_Stored data_:
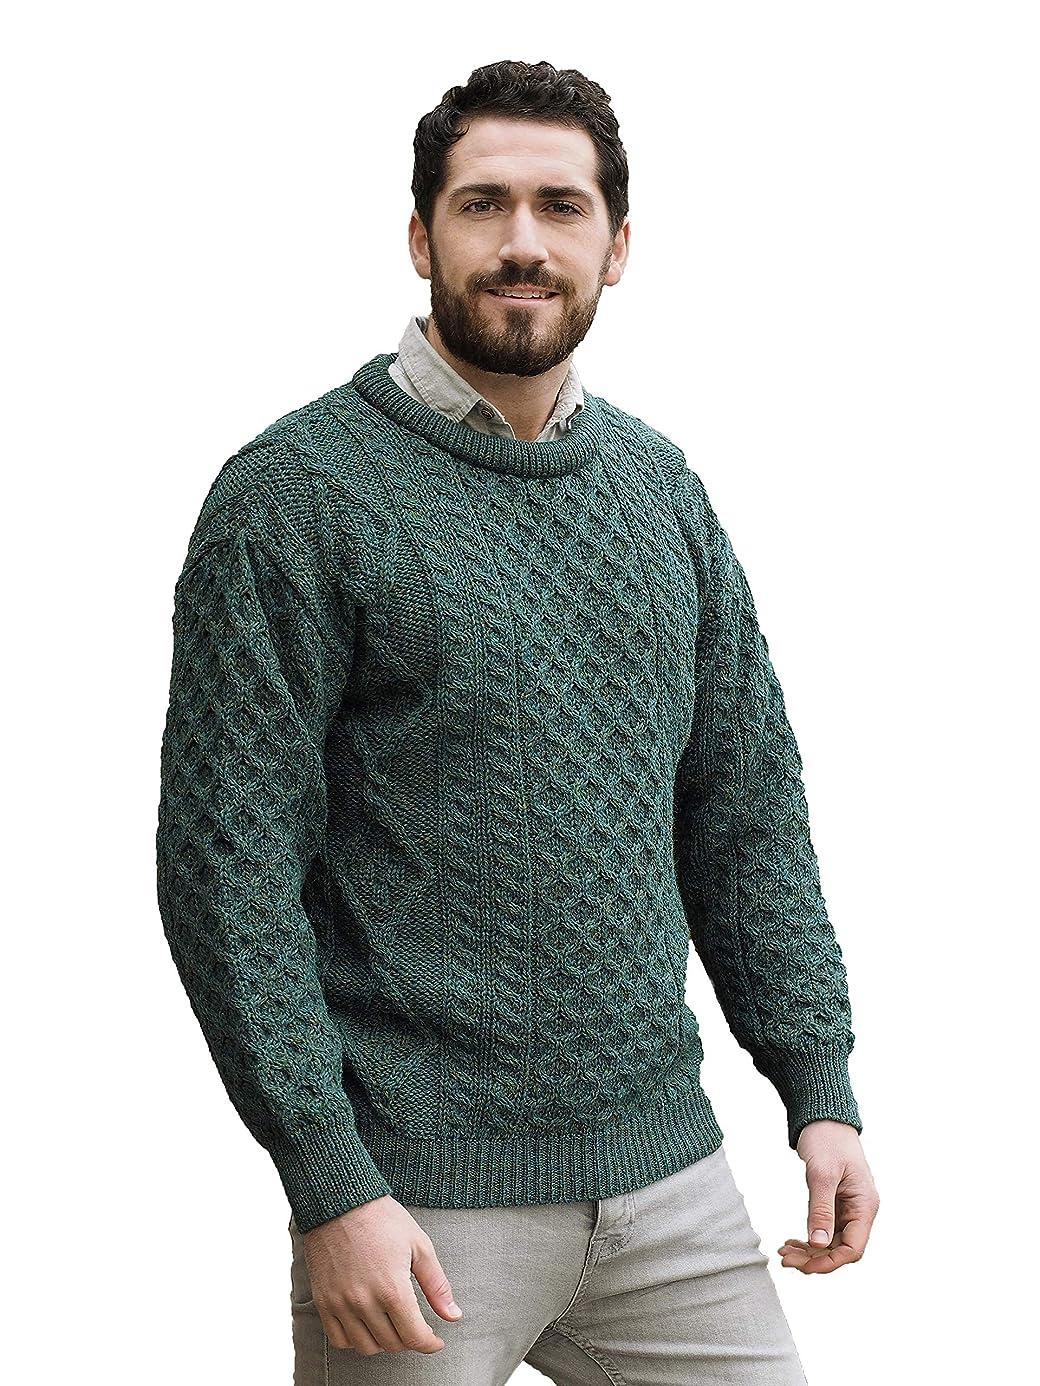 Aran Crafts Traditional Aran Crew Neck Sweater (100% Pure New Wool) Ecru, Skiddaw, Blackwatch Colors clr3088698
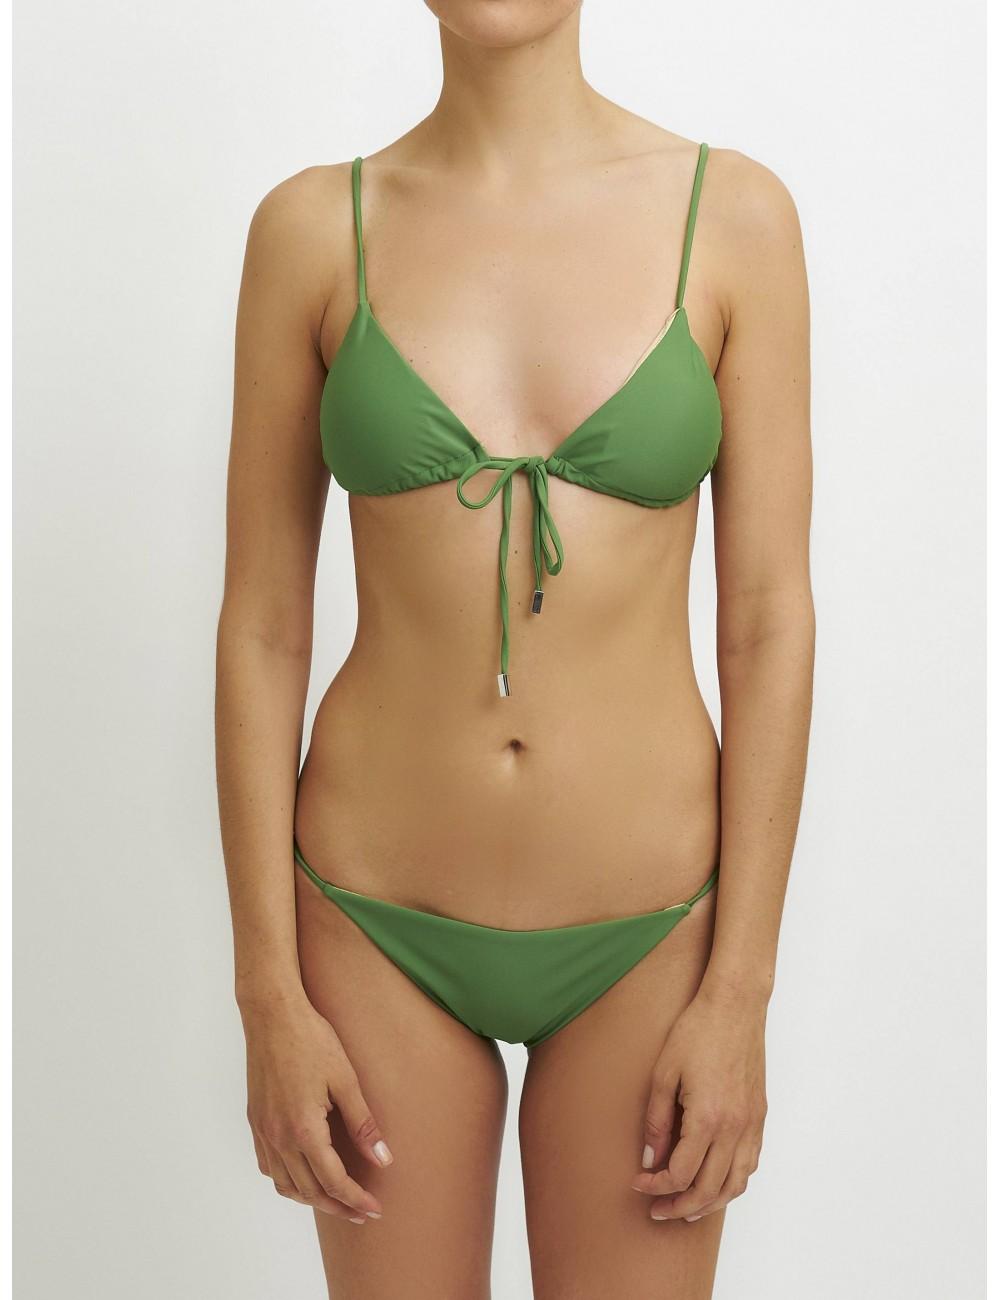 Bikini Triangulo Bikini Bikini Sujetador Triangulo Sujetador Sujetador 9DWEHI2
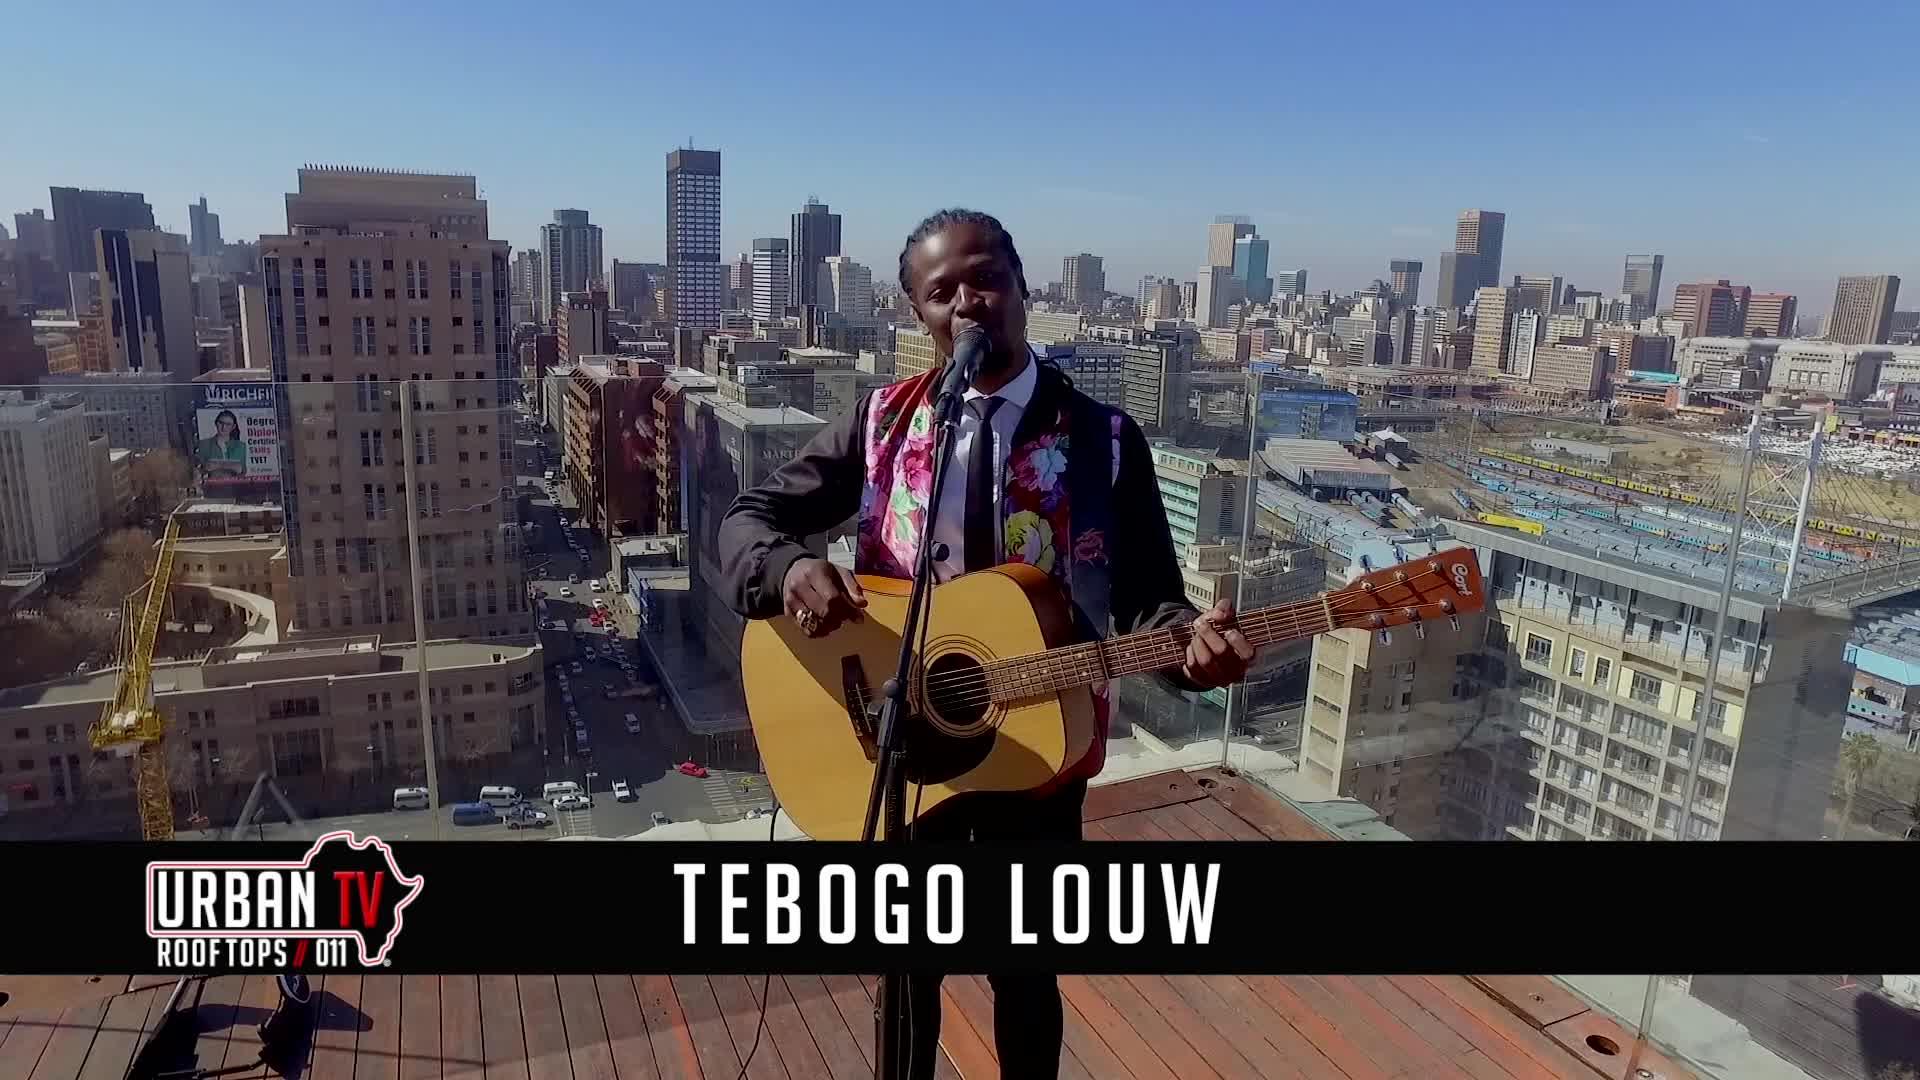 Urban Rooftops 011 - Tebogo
* * *
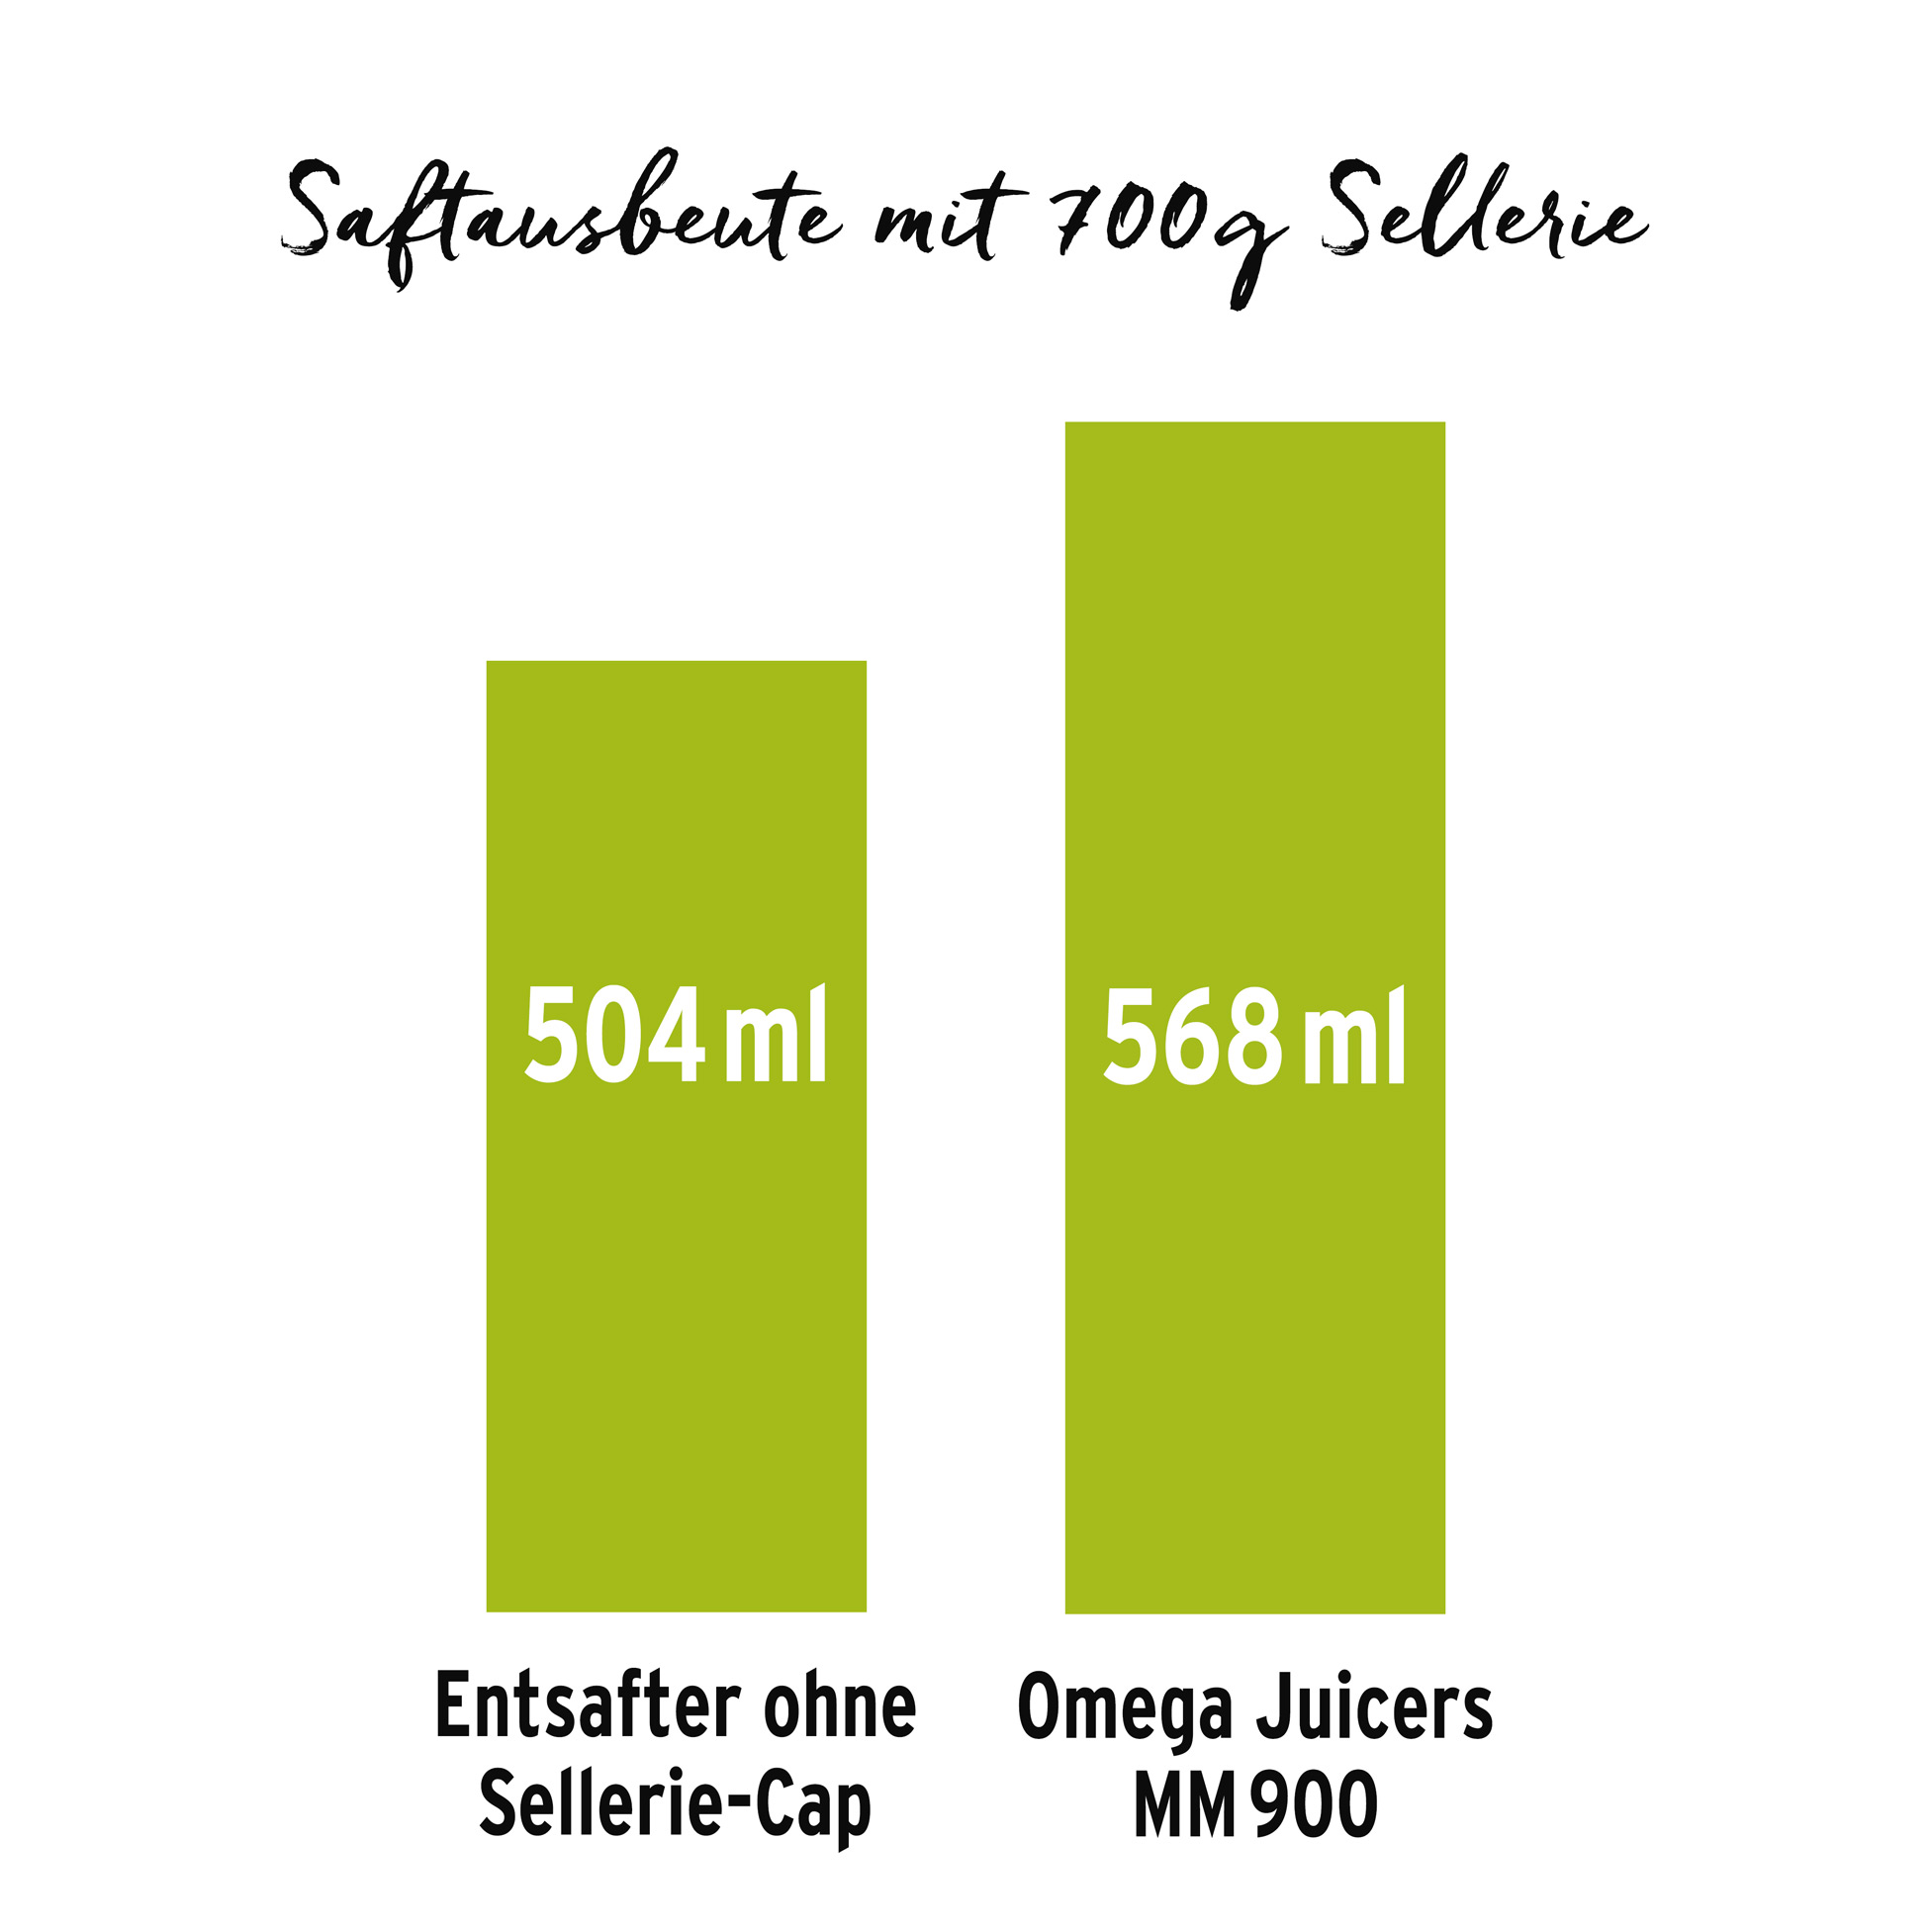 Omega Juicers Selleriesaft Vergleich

_Exercise description_: Up in the listing, locate the line with "Aran Crafts Traditional"; print it and every line after it down to the line with "Urban Rooftops 011 - Tebogo", which is included too. Skip the pictures.

_Output for this task_:
 Aran Crafts Traditional Aran Crew Neck Sweater (100% Pure New Wool) Ecru, Skiddaw, Blackwatch Colors clr3088698
 Bikini Triangulo Bikini Bikini Sujetador Triangulo Sujetador Sujetador 9DWEHI2
 Urban Rooftops 011 - Tebogo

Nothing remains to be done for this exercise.